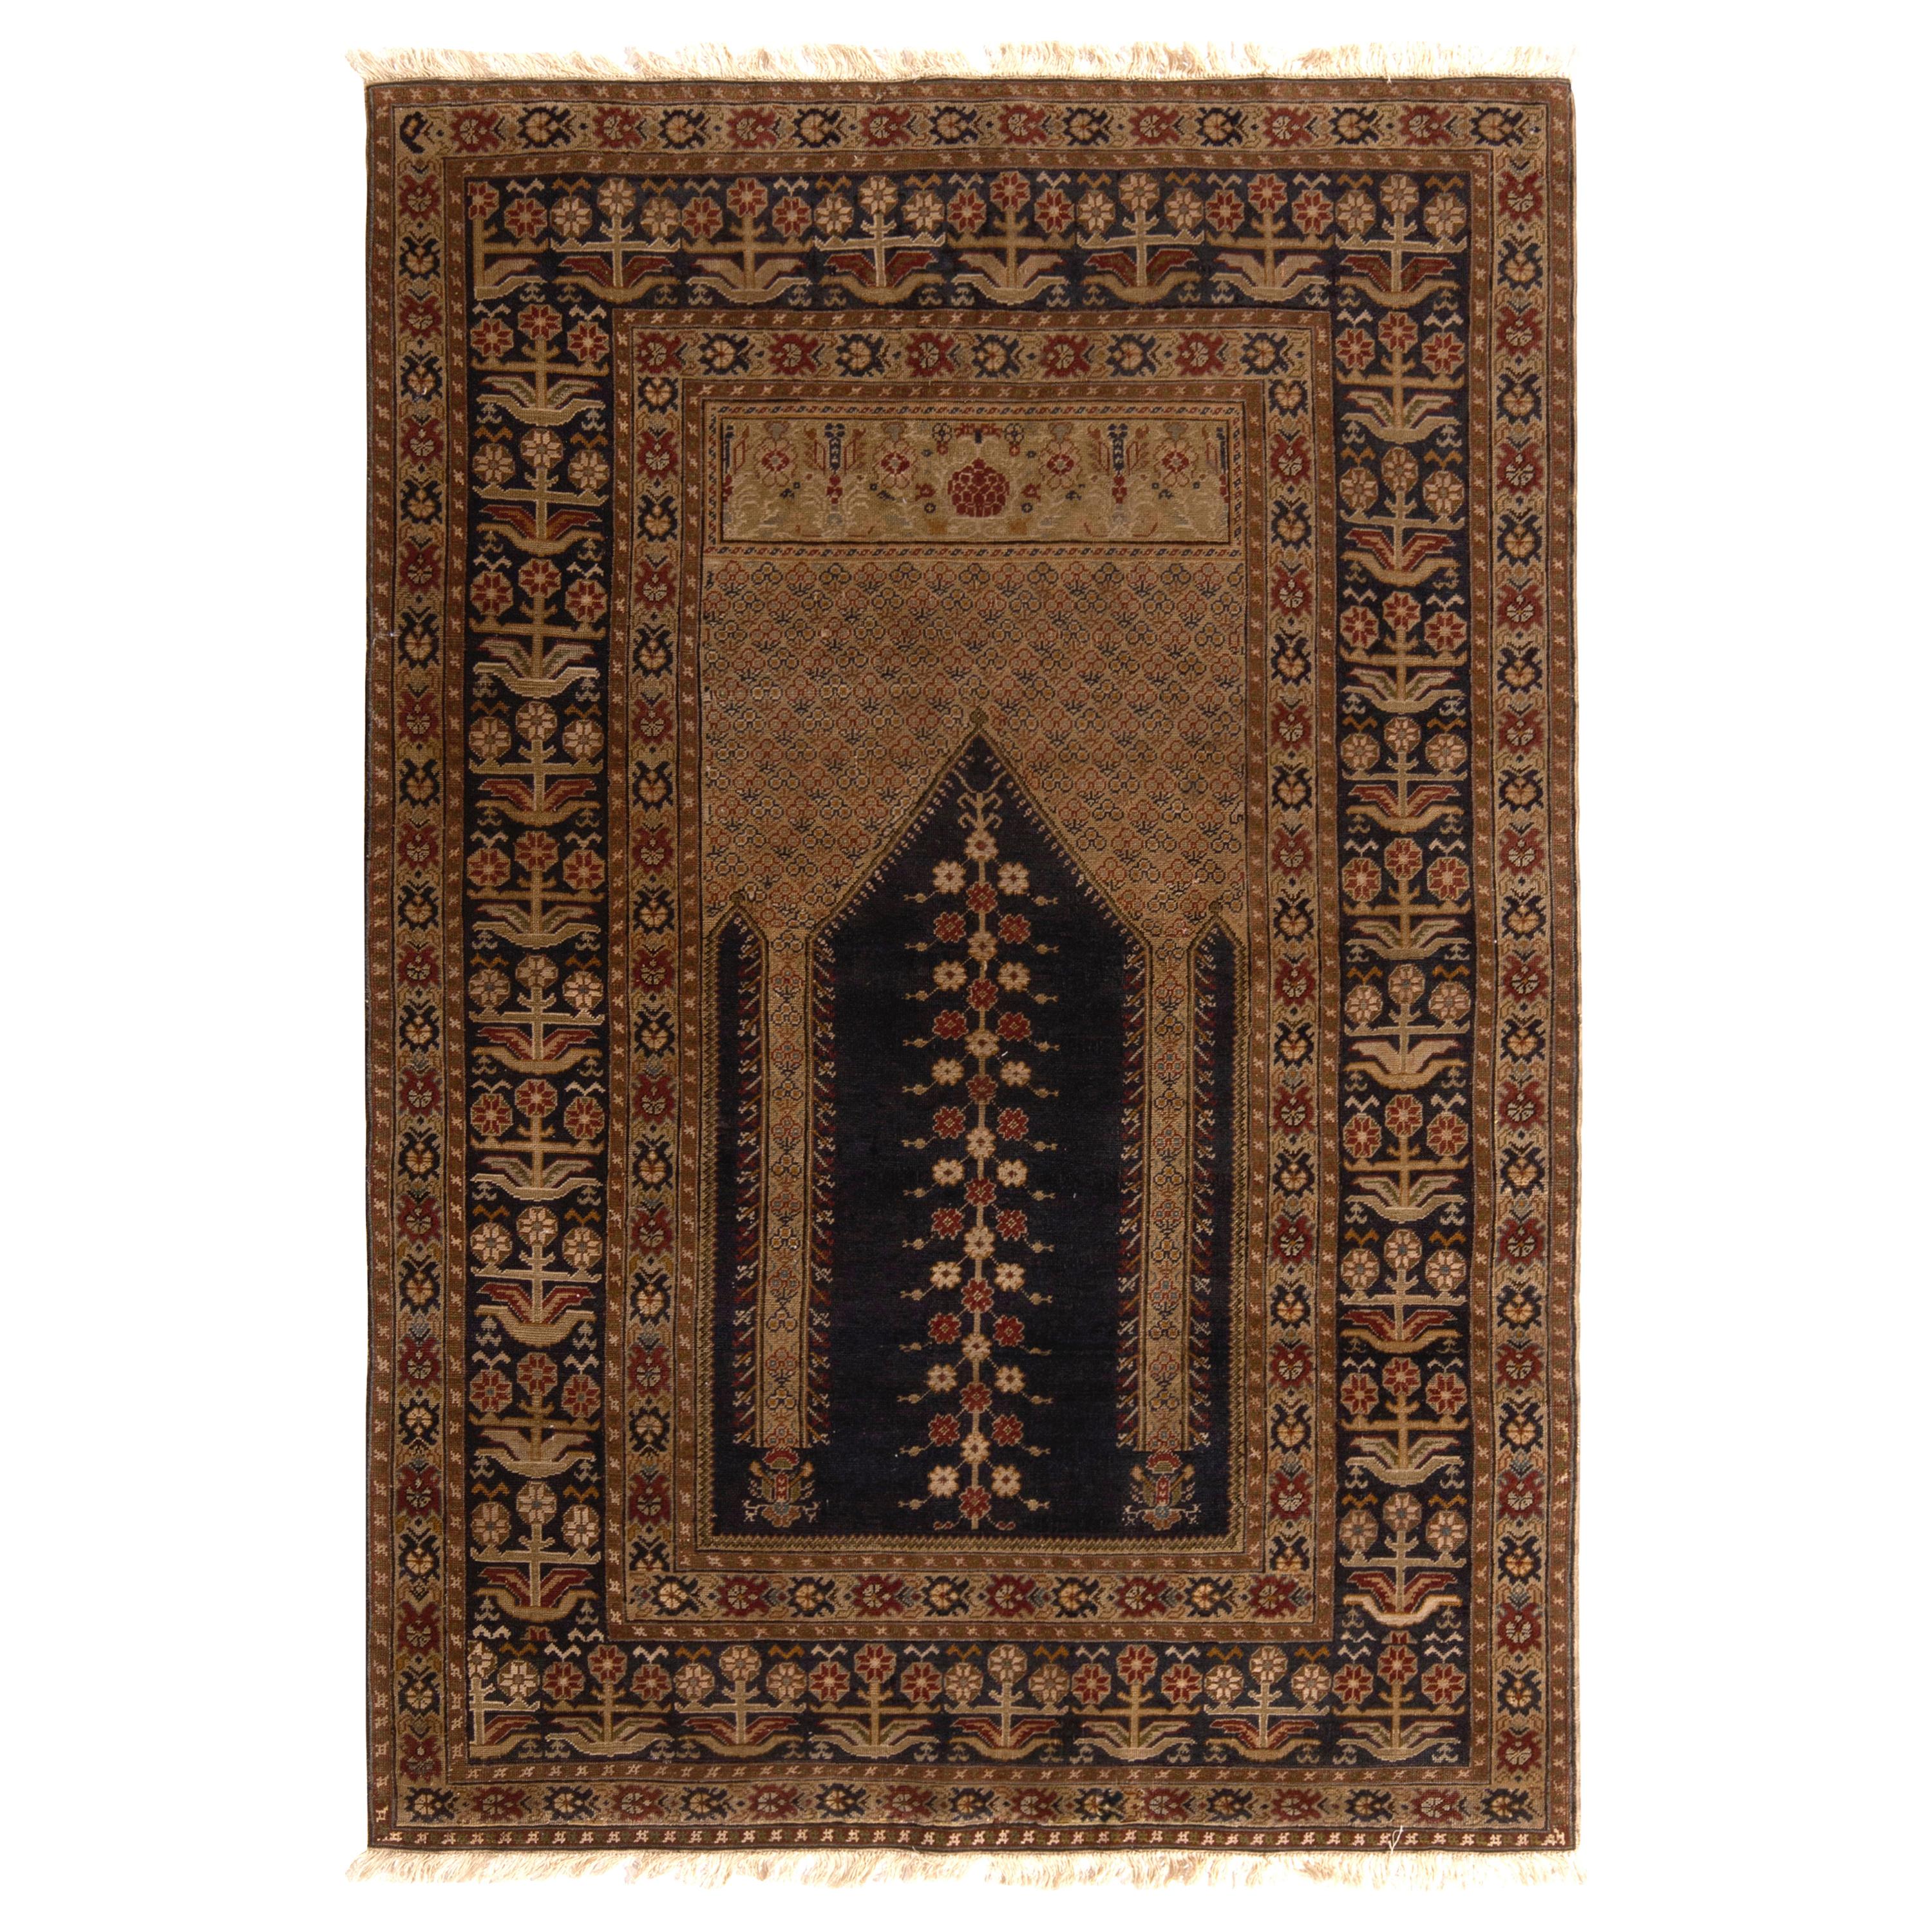 Antique Ghiordes Rug Beige-Brown & Black Geometric Mihrab Pattern by Rug & Kilim For Sale
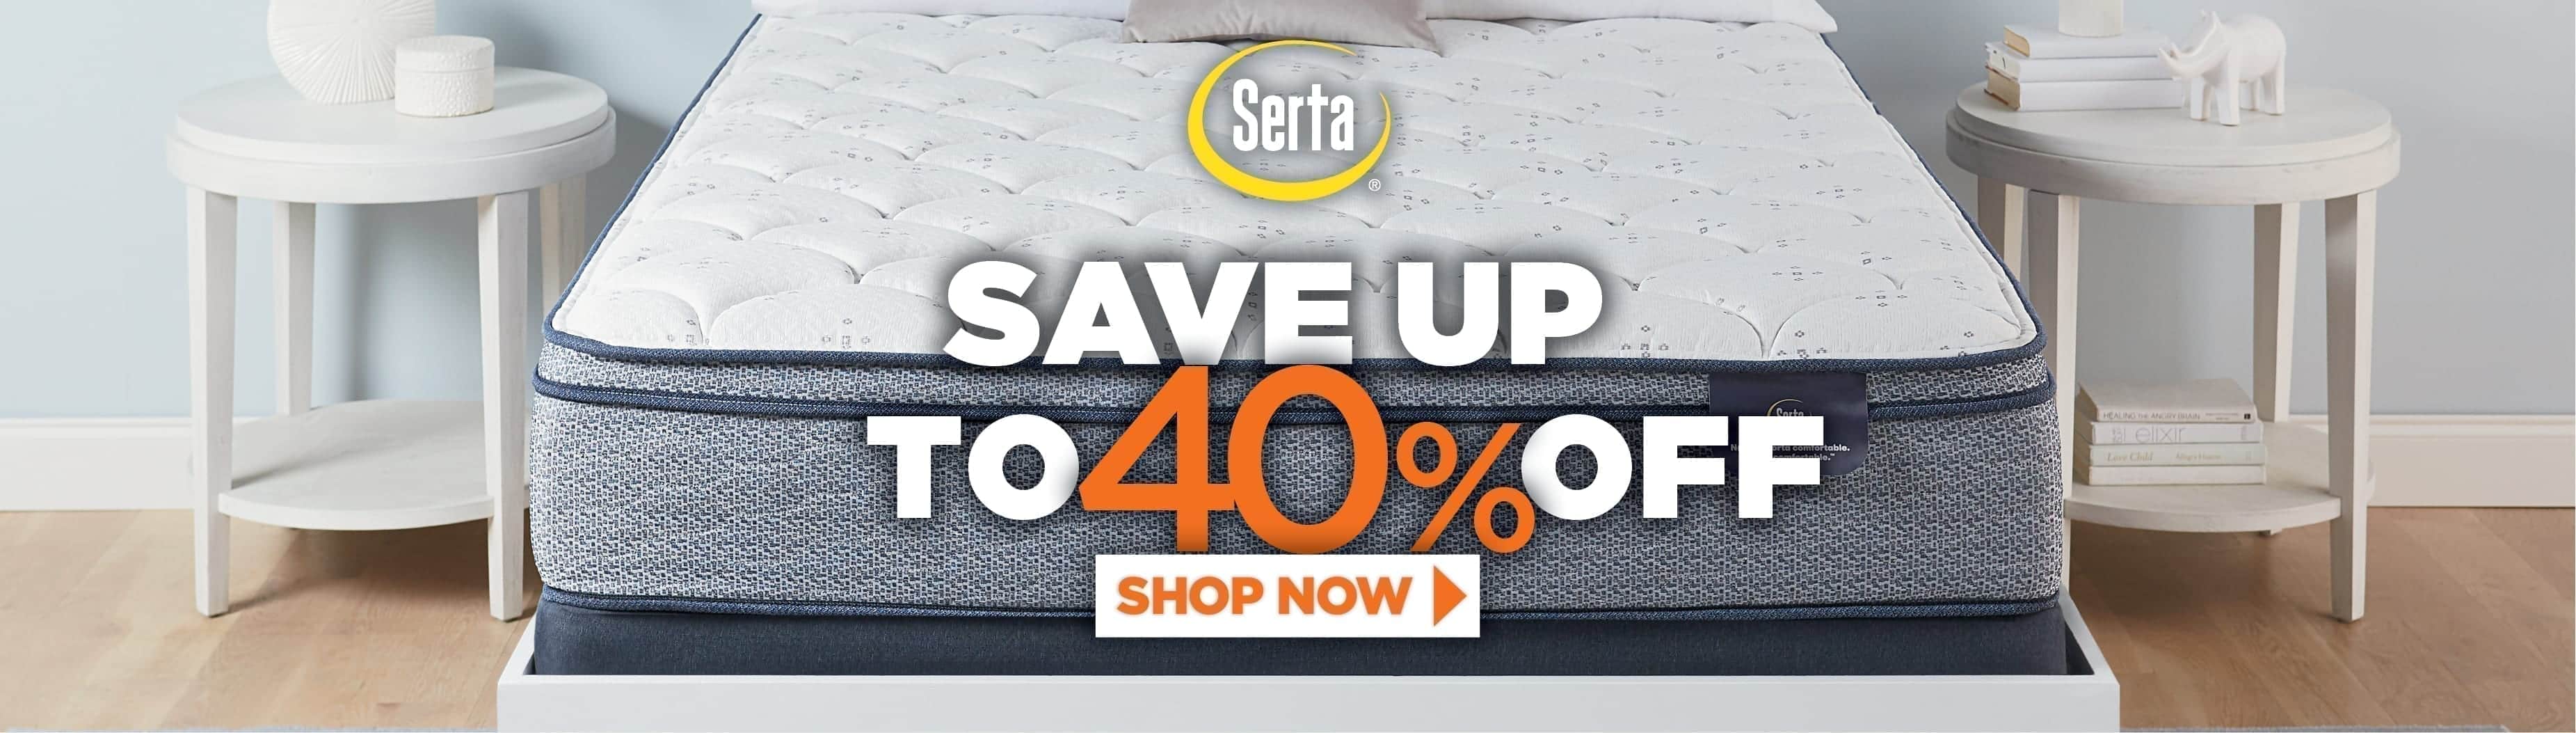 Serta mattress sale
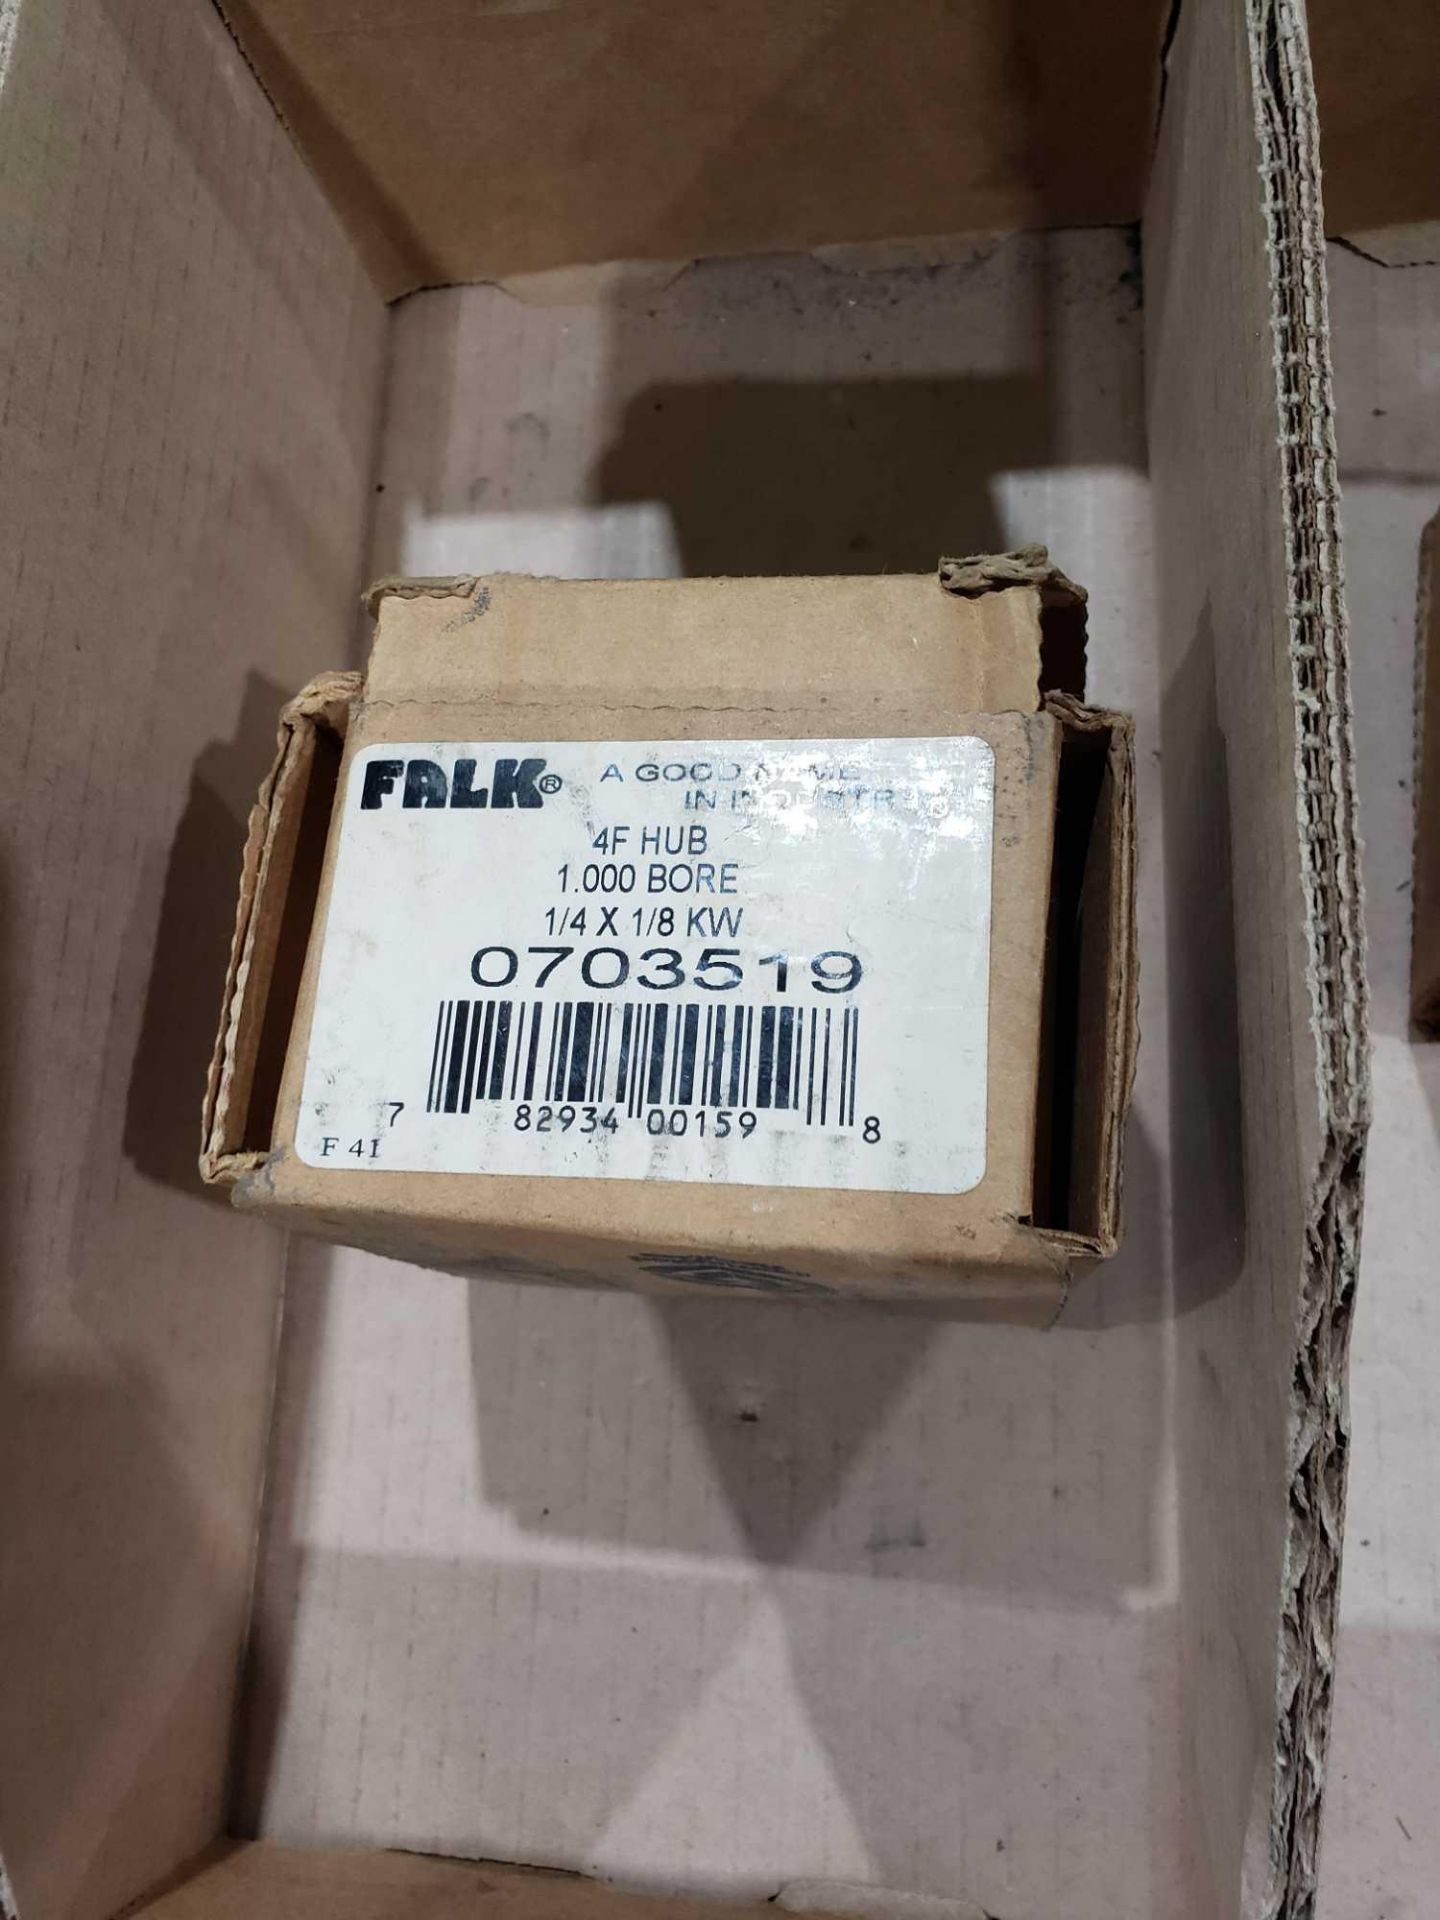 Falk model 0703519. New in box. - Image 2 of 2

> Problem
Each line of the data is to be duplicated exactly; pictures stay out of the copy.

> Exercise response
 Antique Ghiordes Rug Beige-Brown & Black Geometric Mihrab Pattern by Rug & Kilim For Sale
 Serta mattress sale
 Falk model 0703519. New in box. - Image 2 of 2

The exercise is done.